= Neil Harnett =

Canadian blues rock singer

Neil Harnett, sometimes credited in his early career as Neil James Harnett, is a Canadian blues rock singer-songwriter from White Rock, British Columbia, most noted as a Juno Award nominee for Most Promising Male Vocalist at the Juno Awards of 1990.

He began his career as a guitarist in Matt Minglewood's band. He was also a songwriter for other artists in this era, but was not a recording artist in his own right; his career received a significant boost in 1988 when his song "Ain't Good Lovin' Enough" was recorded by both the pop-rock band Diamond in the Rough and the country band Alibi. He was soon signed to Bruce Allen's Penta Records label, and released his debut album Times Like These in 1989. He supported the album with a Canadian tour as an opening act for The Doobie Brothers, and received radio airplay for the singles "Times Like These" and "That's What I Need".

By early 1991, however, Penta Records filed for bankruptcy, leaving Harnett's career in limbo for several years.

In 1992 his song "Lazy River" was included on Canadian Blues Masters, a K-Tel compilation of Canadian blues musicians.

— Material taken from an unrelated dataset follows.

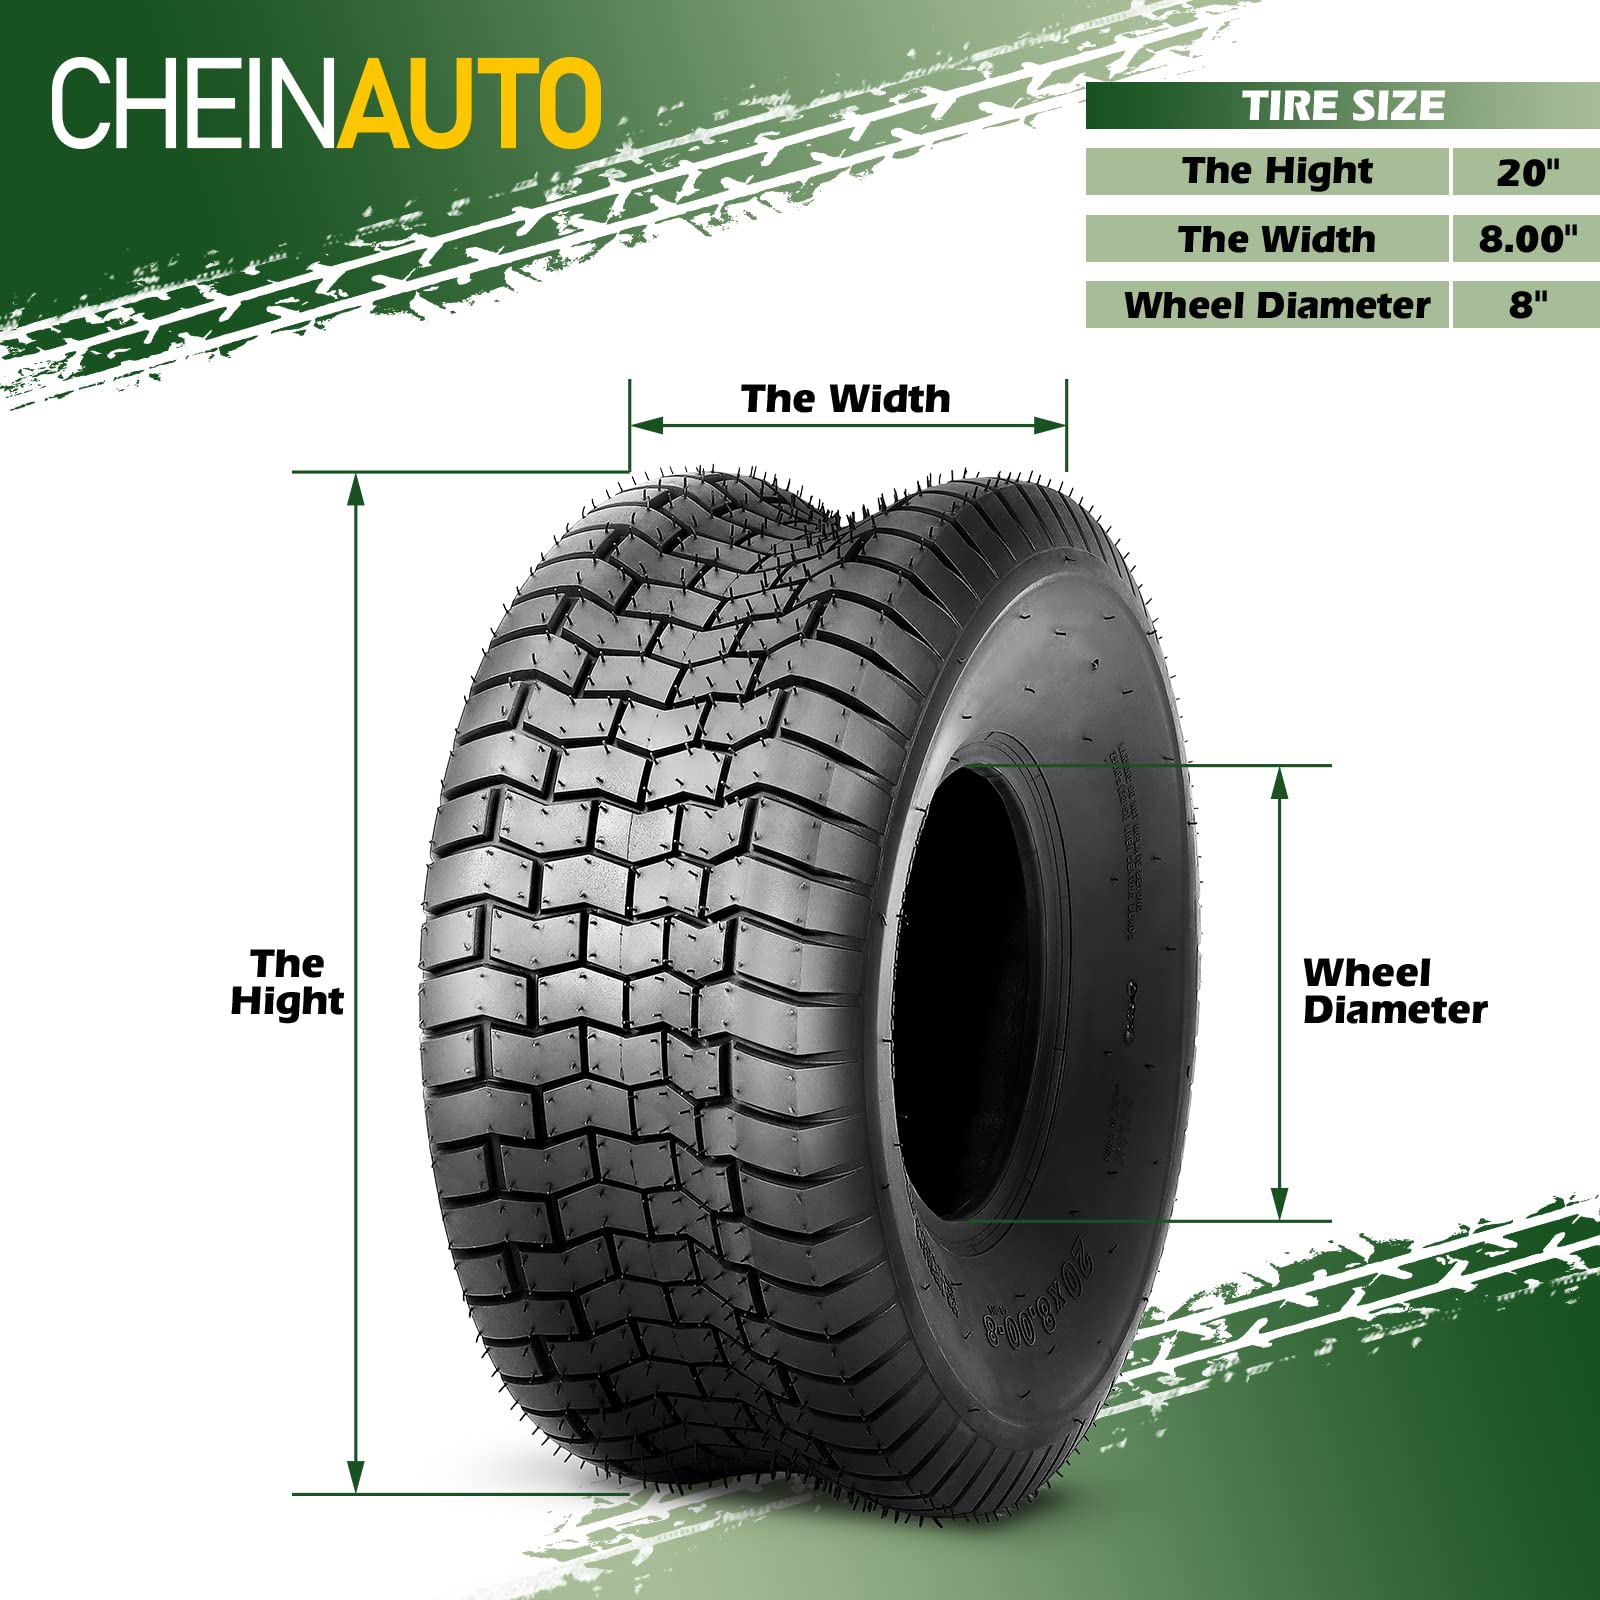 15x6.00-6 Lawn Mower Tire, 15x6x6 Tractor Turf Tire, 4 ply Tubeless, 565lbs Capacity, Set of 2

He reemerged in 1996 with his second album Rubber Room Day. He then spent a number of years largely away from music, until returning to live performances in the latter half of the 2000s. He was working on his third album, Somewhere, in 2008 when his daughter Amy suffered a traumatic brain injury in a workplace accident; the album's recording and release were delayed for several months, but the album was eventually released in 2009.

In 2013 he launched a YouTube channel devoted to brain injury awareness, with one of the first videos he posted to the channel being a duet with his daughter on a song they wrote together about her recovery. In the same year he organized a benefit concert for Semiahmoo House Society, a charitable organization serving people with disabilities in White Rock and Surrey.